A shapeshifting alien (Jessica Chastain) soon appears on the scene, making a few people’s chests cave in and then cooing sinister things to Grey in the hope of using her for devious ends. Chastain boasts white hair and smiles with cool malice but she’s simply a tacked-on plot device (she’s not even given a name!), there to goad Grey into fighting McAvoy’s ego-crazy Xavier and Fassbender’s reformed-killer Magneto. To say all three of these actors deserve better is a gross understatement, and the ensuing superhero chaos is dreadfully underwhelming, with a NYC street skirmish and a speeding train-set finale marked by choppy editing and ho-hum computer-generated effects that pale in comparison to those found in virtually every other recent summer tentpole.
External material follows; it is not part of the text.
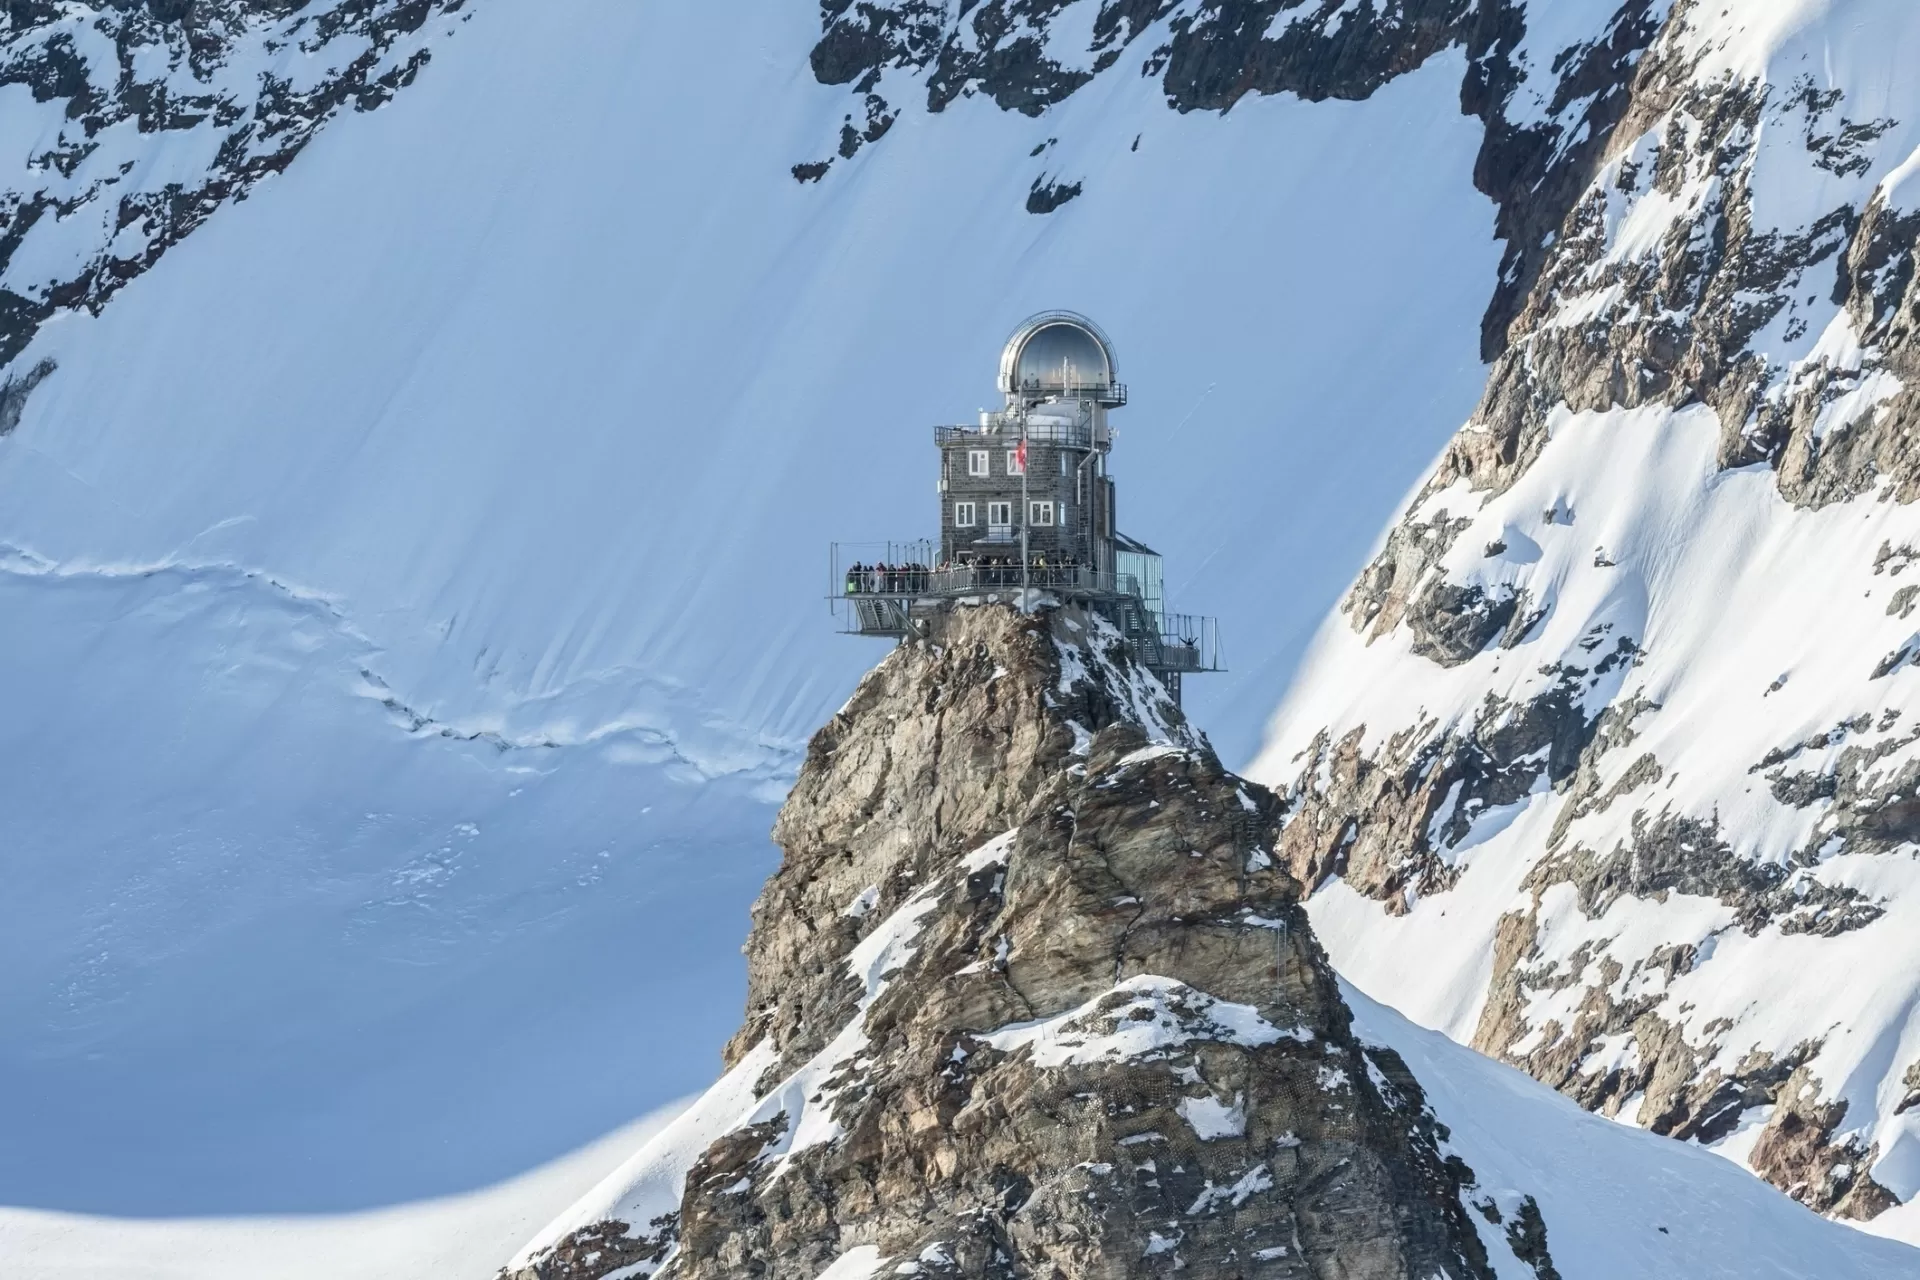 Estação de Jungfraujoch, que também conta com um dos mais altos observatórios do mundo, em Fieschertal, Valais, na Suíça - VogelSP/Getty Images/iStockphoto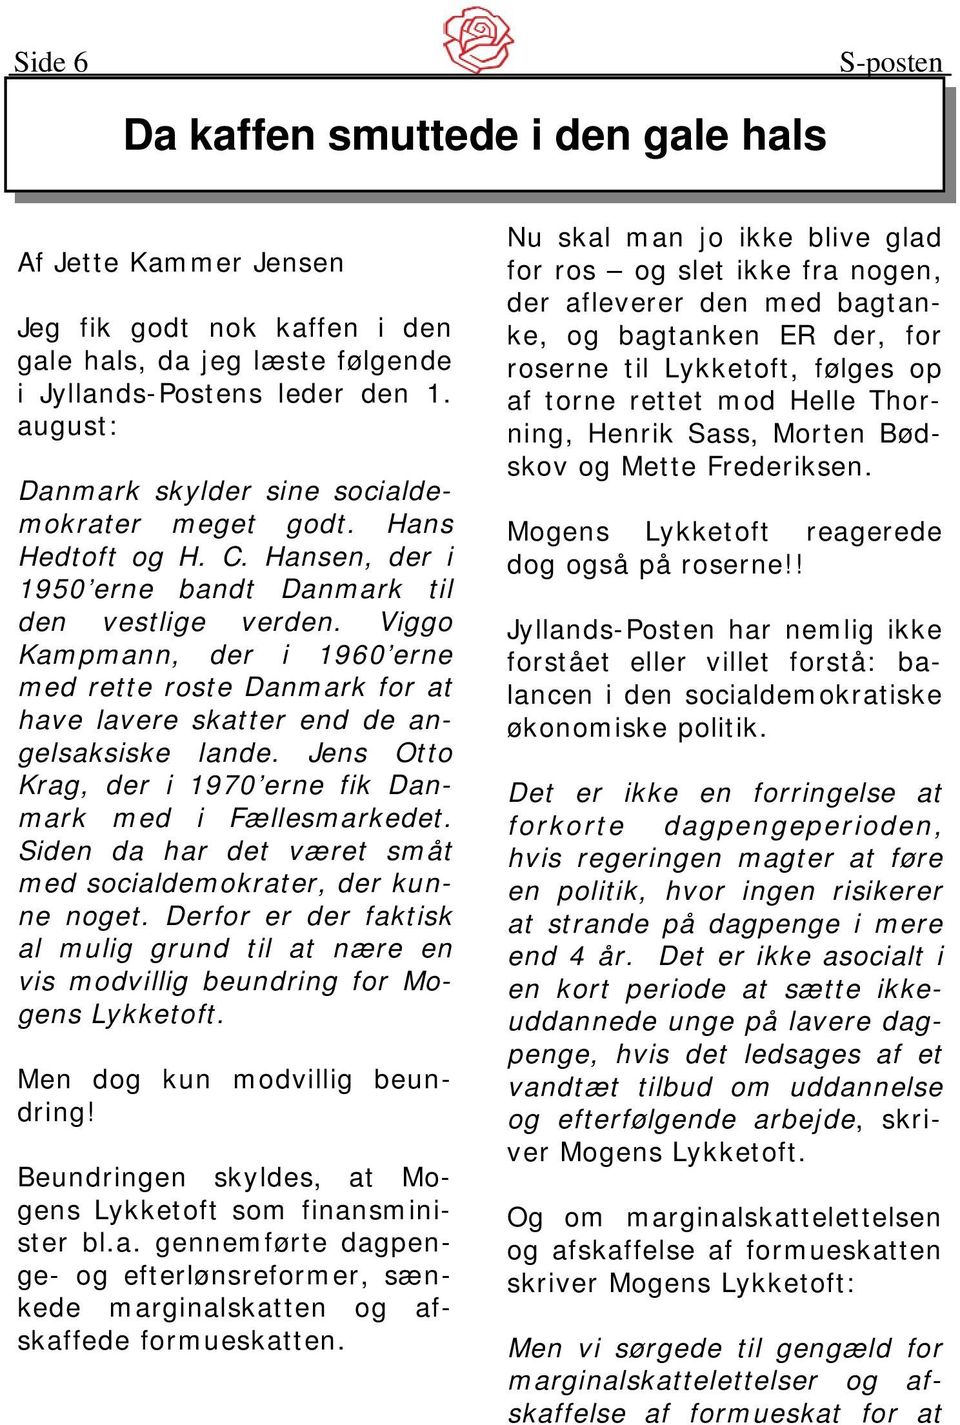 Viggo Kampmann, der i 1960 erne med rette roste Danmark for at have lavere skatter end de angelsaksiske lande. Jens Otto Krag, der i 1970 erne fik Danmark med i Fællesmarkedet.

As someone who grew up reading X-Men comics, it pains me to say that Dark Phoenix further cements the series as an also-ran to the Marvel Cinematic Universe—and, in fact, to their own Twentieth Century Fox mate Deadpool, whose profane assassin naturally mocked the mutant tykes and fawned over Jackman’s Wolverine. Kinberg, the longtime franchise mastermind (with accused serial predator Bryan Singer), grasps his material’s group dynamics and allegory-for-oppressed-minorities subtext. Too bad he has little skill at translating those elements into engaging spectacle. In the aftermath of Avengers: Endgame, Dark Phoenix feels humorless, small, and second-rate.
Still, that doesn’t have to be the X-Men’s ultimate fate. Though Disney’s acquisition of Fox is hardly something to blindly cheer, putting the mutants back in Marvel’s care should be a creative positive, and not only because they’ll now theoretically be incorporated into a preexisting world inhabited by Spider-Man, the Guardians of the Galaxy and Black Panther. Disney has an opportunity to reinvent the X-Men from scratch, and doing so should be relatively easy, provided they follow a few simple rules.
First, avoid the woe-is-me tone of Dark Phoenix and its ancestors, and intensify the bickering-family wittiness and melodrama, as the X-Men have always been best when balancing world-altering threats and at-home relationship dilemmas. Next, craft titanic set pieces that truly exploit the interplay of the heroes’ diverse skills. And lastly, skip familiar origin stories, make the characters adults, expand the squad (hi, Deadpool!), and place the focus back on the most notable X-Men such as Cyclops, Storm and Colossus, rather than third-stringers like Mystique, a villain awkwardly shoehorned into a prominent mommy-mentor role in Dark Phoenix because of Lawrence’s obligatory participation.
Oh, and whether it’s Tom Hardy, Luke Evans or someone completely out of left field—my vote goes to Garrett Hedlund—don’t forget to cast a ferociously feral Wolverine.